Селенгински девки—дуры.

Как пошили юбки буры,

За политику удули.

За политику держись —

Без ужина спать ложись.

 

Но девушки в ответ тоже частушку сочинили:

 

Не хочу я первачу—

Хочу второго сорту.

Хочу политику любить.

Пошлю чалдона к чёрту!

 

Голодной жизнь в ссылке не была. Скорее наоборот. Но соль, например, считалась роскошью. Папа вспоминал, как мужики приказывали жёнам: «Бабы, солите хлеб. Завтра праздник». Рассказывал он и о том, как заезжие купцы обманывали и развращали чукчей, ненцев, эвенков. За бесценок, за побрякушки, а пуще того за водку, скупали пушнину. Простодушие этих «детей Севера», их доверчивость, неумение ценить свой тяжёлый труд потрясали. Убедить такого «ребёнка» в том, что соболиные шкурки дороже «огненной воды», было невозможно.

Отец тоже увлёкся охотой, «соболевал». Лес, умная собака, сухой мороз, тёплые, удобные одежда и обувь — на всю жизнь запомнил он это как счастье.

А потом, после ссылки,— Одесса. И снова политика, агитация в рабочей среде. Там познакомился с Аниной мамой — красавицей Кларой. Сохранились у сестры папины фотографии этой поры, снимки молодёжной компании. Красивые, умные, одухотворённые молодые люди, нарядные девушки. Но... опять тюрьма. Ссылка на Северный Урал, в Чердынь. Туда Клара и приедет вслед за мужем. Невесёлую историю этой молодой семьи Аня рассказала в своей повести «Где этот дом». Правдиво рассказала. Но она отца судит, а я его судить не хочу. С моей мамой, которую он встретит в 1919 году в осаждаемой Колчаком Вятке, он проживёт в гражданском браке сорок лет. И когда в 1962 году его не станет, мама будет переживать его смерть как большую трагедию. Да и я тоже.

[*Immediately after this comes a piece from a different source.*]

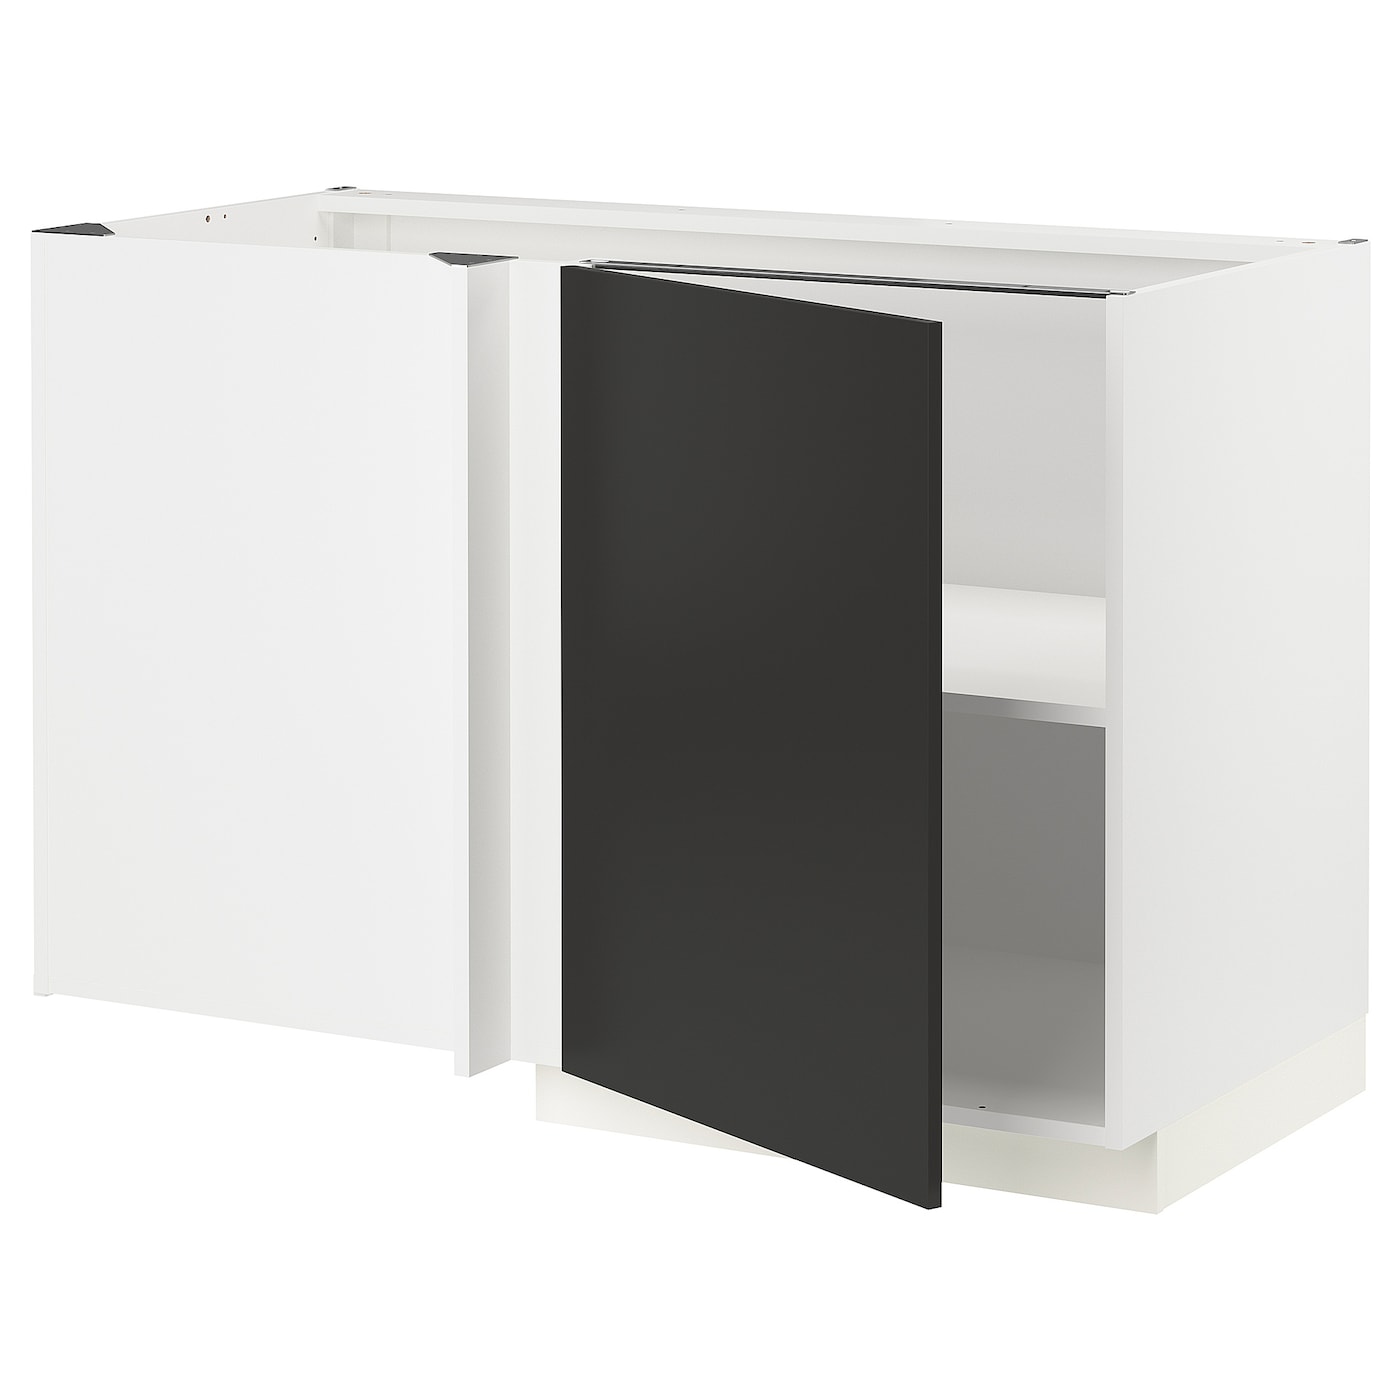 Напольный шкаф - METOD IKEA/ МЕТОД ИКЕА,  128х68 см, белый/черный
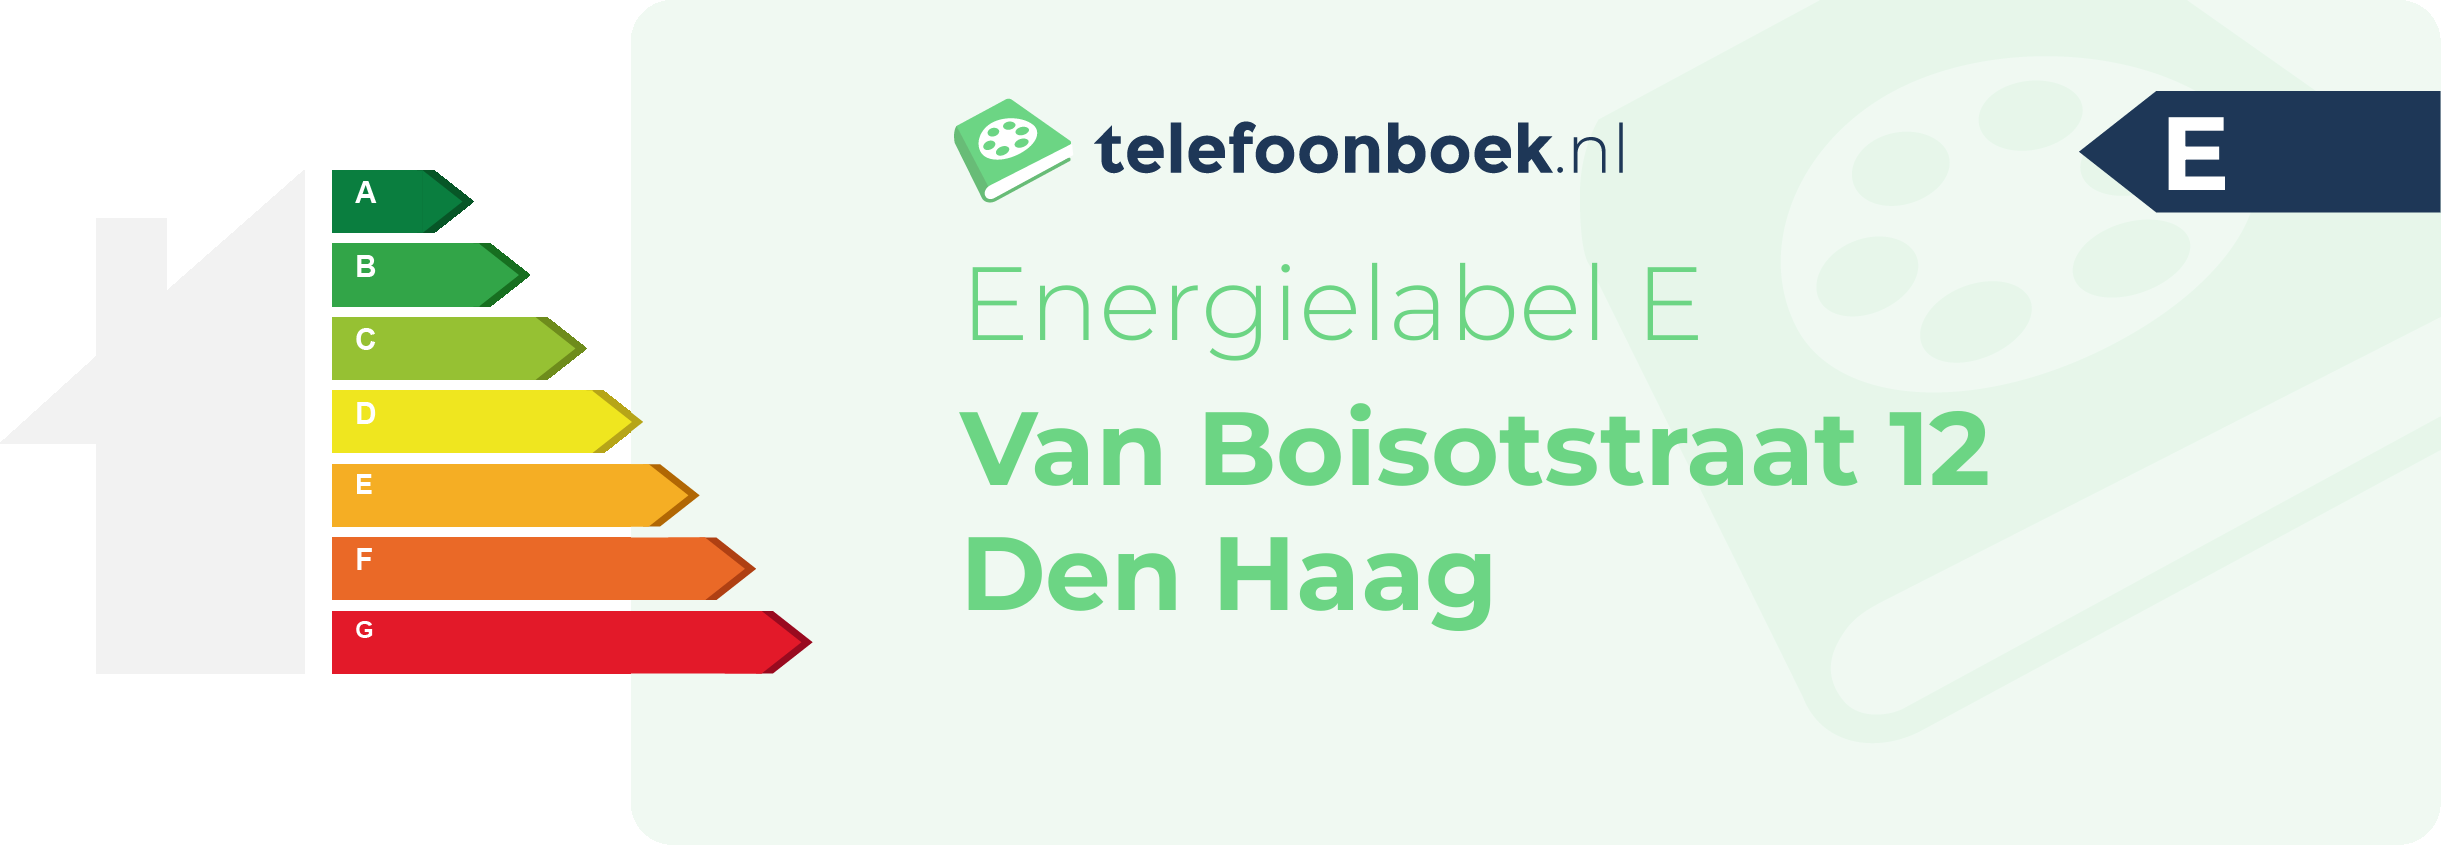 Energielabel Van Boisotstraat 12 Den Haag

Я выросла в семье, где единственным богатством были книги и где родителей соединяла глубокая духовная общность. Были бедность, болезни, страдания — не было лжи, бездуховности, корысти. И да будет земля пухом и отцу, и маме! Когда произошла Октябрьская революция, папа был в Чердыни. Активно включился в события, но то, как всё поворачивалось, не совпадало с его ожиданиями. Он вышел из партии, но в 1918 году снова в неё вступил. Значит, колебался, сомневался, искал своё место в неимоверно сложных событиях.

В 1919 году он в Вятке, один из активных политических деятелей. А город прифронтовой. Чем занимается отец?  Как он агитирует за советскую власть? Я читала его газетные публикации того времени. Что-то вроде «Песни о Буревестнике» или надписей на памятнике погибшим революционерам на Марсовом поле в Питере. Он ставит «Царя Эдипа» Софокла на городской площади. Как могла древнегреческая трагедия помочь победить революции и одолеть Колчака — затрудняюсь сказать. Но... так было!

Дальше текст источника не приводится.